No existe instrumento más mágico que el lenguaje. Sin entrar demasiado en una visión semiótica de la vida, ¿acaso hay otra forma para construir la realidad? Lenguaje es poder. Pero todo poder, cuidado. Para bien, para mal, para todo lo que pasa en el medio. Conviene tener cuidado, porque las cosas no son sólo las cosas: son también lo que se hace con ellas. Y con lenguaje-poder, tantas cosas se han hecho.

“El fútbol es un vehículo muy poderoso e importante”, le dijo Mathías Riquero a Garra, en una conversación sobre derechos humanos previo a que su club fuera uno de los que abrieron una pancarta para convocar a la 24ª Marcha del Silencio. Es verdad la definición del volante. A su vez, tampoco es nueva. El problema es que, la mayoría de las veces, gana el fútbol de la necedad, el de la estupidez, el de la banalidad. Ya sea porque es el mensaje que transmite o porque nosotros, consumidores al fin, lo elegimos. Acá no se salva nadie.

No hay revoluciones tempranas, crecen desde el pie, diría el flaco. De tanto acumular, no hace más de dos o tres años que en el fútbol uruguayo pasan muchas cosas. Qué novedad. De todas las que sucedieron, las que más llamaron la atención fueron algunas que se dieron “afuera de la cancha” –como si el reglamento también marcara lo que se tiene que hacer en la vida, ¿no?–. Muchas de esas cosas distintas tuvieron que ver con Más Unidos Que Nunca, un colectivo de futbolistas al que el historiador Gerardo Caetano definió inmejorablemente: “Es una de las manifestaciones sociales más importantes de los últimos años en Uruguay y tiene que ver con una recolocación del rol del futbolista en un mundo con mucho dinero y mucha mediocridad. Ha habido un empoderamiento de los futbolistas que advirtió de las cosas que pasan en términos de poder económico y de poder simbólico. Pero los pleitos fundamentales nunca se terminan. No hay victoria final, nunca, en ningún plan. Porque es como se dice en el fútbol, una frase típica: después de una gran victoria viene una gran derrota. Se ganó un Maracaná, pero la lucha debería continuar”.

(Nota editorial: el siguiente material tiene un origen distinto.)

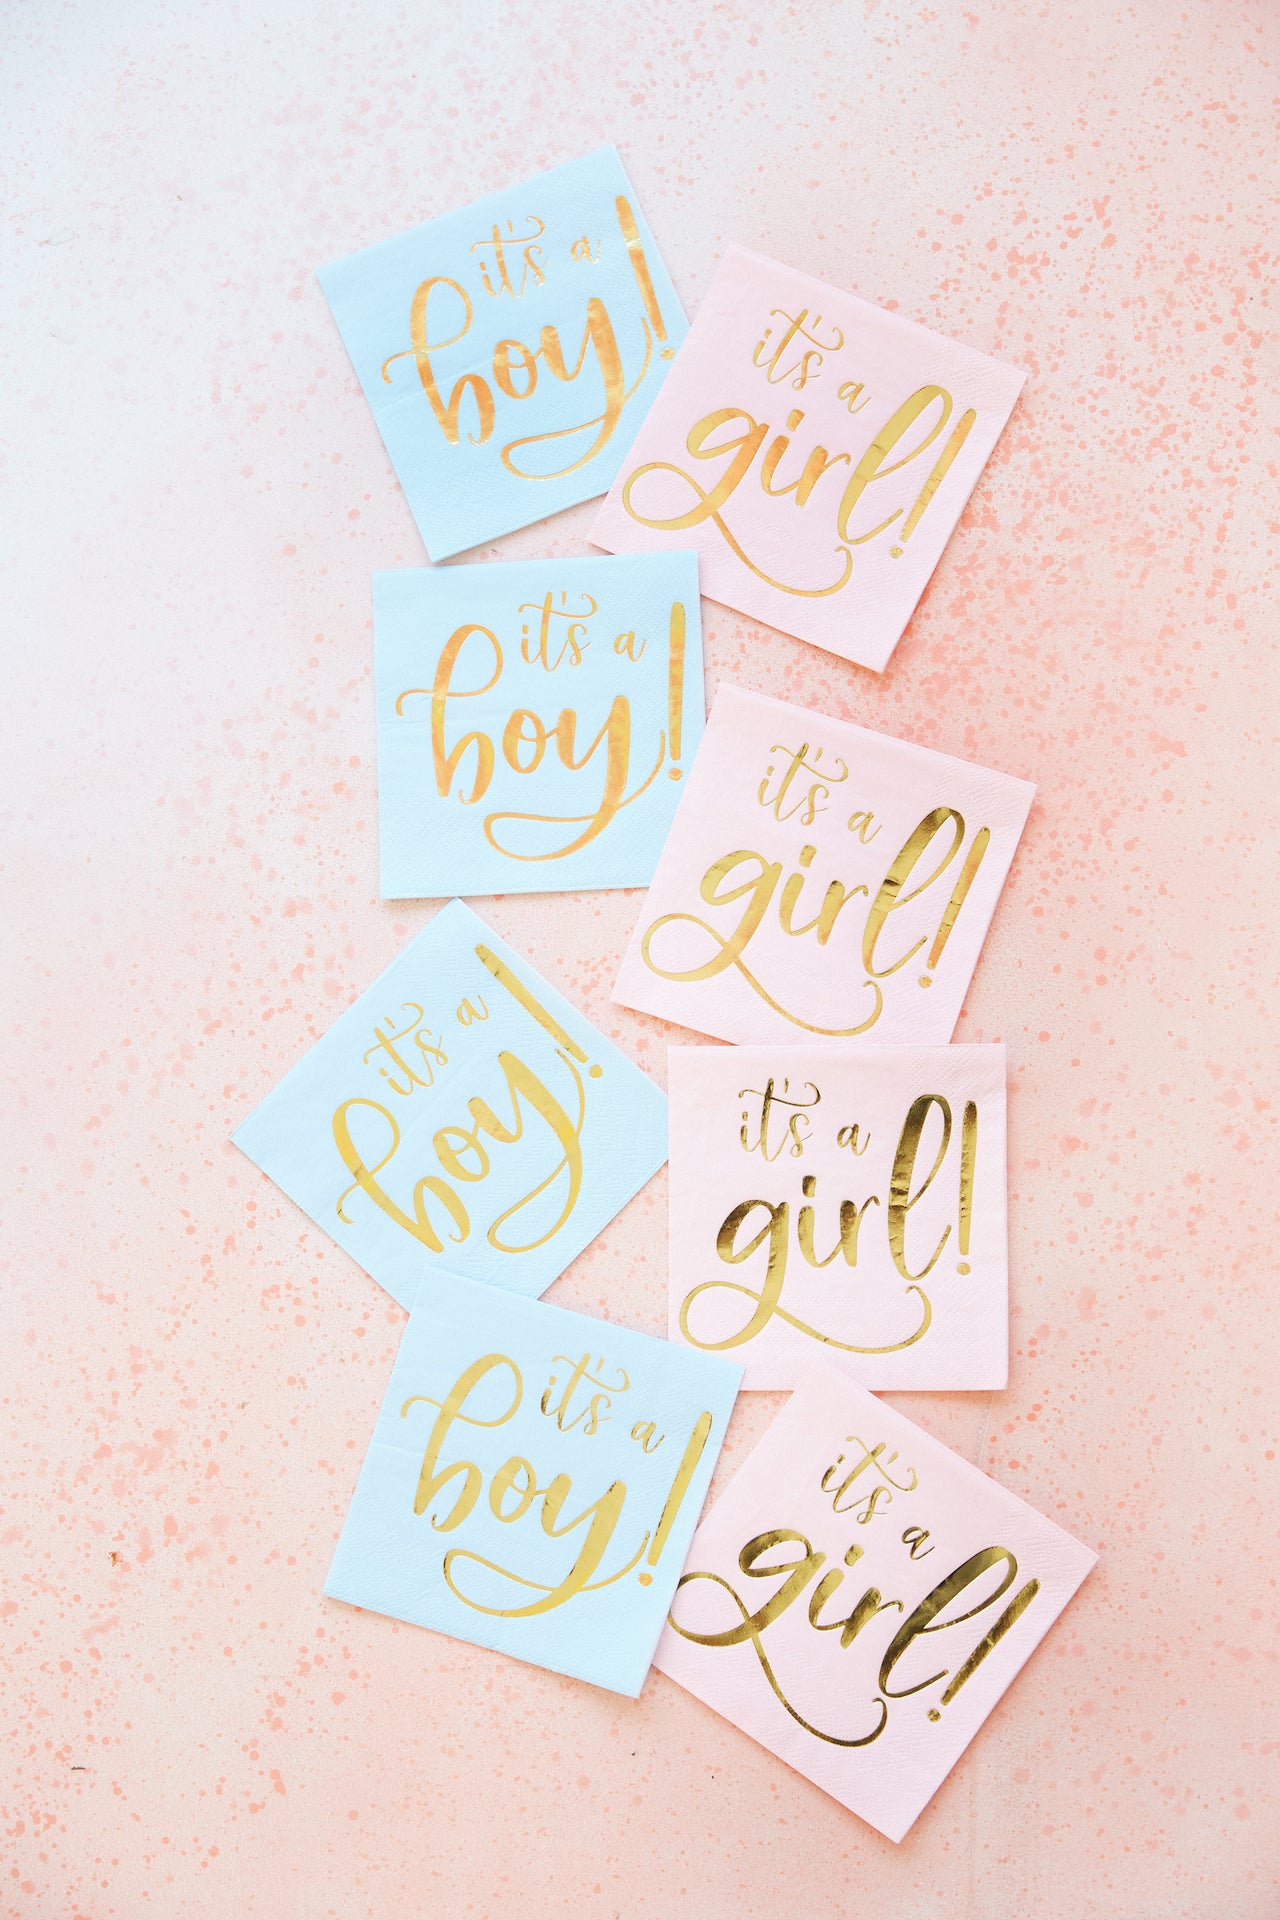 It's a boy and it's a girl napkins.

Liberarse: proceso histórico, natural y evolutivo de los seres humanos, que puede manifestarse ante la adversidad, la opresión o la imposición. Sus beneficios pueden ser la igualdad, generar la capacidad de deconstrucción, buscar nuevos ideales, tomar conciencia de estar haciendo algo bueno.

A propósito de Riquero y la conversación sobre derechos humanos, el futbolista concluyó un par de cosas interesantes. Primero, que son muchos los jugadores muy jóvenes con núcleos familiares también jóvenes que no hablan en sus casas de temas relacionados con la conciencia colectiva –por decirlo ampliamente–. Segundo la pregunta, dos o tres décadas atrás, ¿en qué planes de la educación se hablaba con profundidad de la dictadura cívico-militar?

Si bien la explicación del fenómeno necesita un análisis muchísimo más profundo, lo segundo tiene que ver con lo primero. Si no hay información, hay desinformación. Si no hay enseñanza, las cosas funcionan rengas. Si todo va a depender del interés personal o de los contextos familiares –cosa que, en principio, parece buena– se excluye a un montón de personas, a una cantidad de sensibilidades. Entonces, ¿son sólo los jugadores de fútbol el colectivo de ignorantes? Nosotros, que no jugamos a la pelota, ¿de verdad creemos saberlo todo, o ser más o menos sensibles que los que sí juegan? A modo de ejercicio simple, ya que sabemos todo, ¿dónde queda el Museo de la Memoria en Montevideo?

Daniel Gélin, aquel actor francés que recuerdo conduciendo el ómnibus en la película The Man Who Knew Too Much, de Alfred Hitchcock, dijo que “se llama memoria a la facultad de acordarse de aquello que quisiéramos olvidar”. Hay mucho fútbol para olvidar. Muchísimo. Y ojalá se pueda. Pero este, el que tiene gestos que profundizan la democracia, el que se manifiesta como instancia democrática, el de jugadores que quieren mejorar su vida, su trabajo, y que a la vez buscan acompañar por solidaridad, por empatía con el otro; el fútbol y los y las futbolistas que les quitan las manchas a la pelota, esa pelota que exige saber qué pasó en el pasado reciente, que busca goles de verdad y justicia; a este fútbol, deberíamos tener la honestidad de recordarlo toda la vida.

Si la mosca anda en la sopa, por ahí no es que la mosca moleste, sino que la sopa está podrida. No existe instrumento más mágico que el lenguaje. El lenguaje es poder. Lo vi en una pancarta. Una vez más: muchas gracias, jugadores.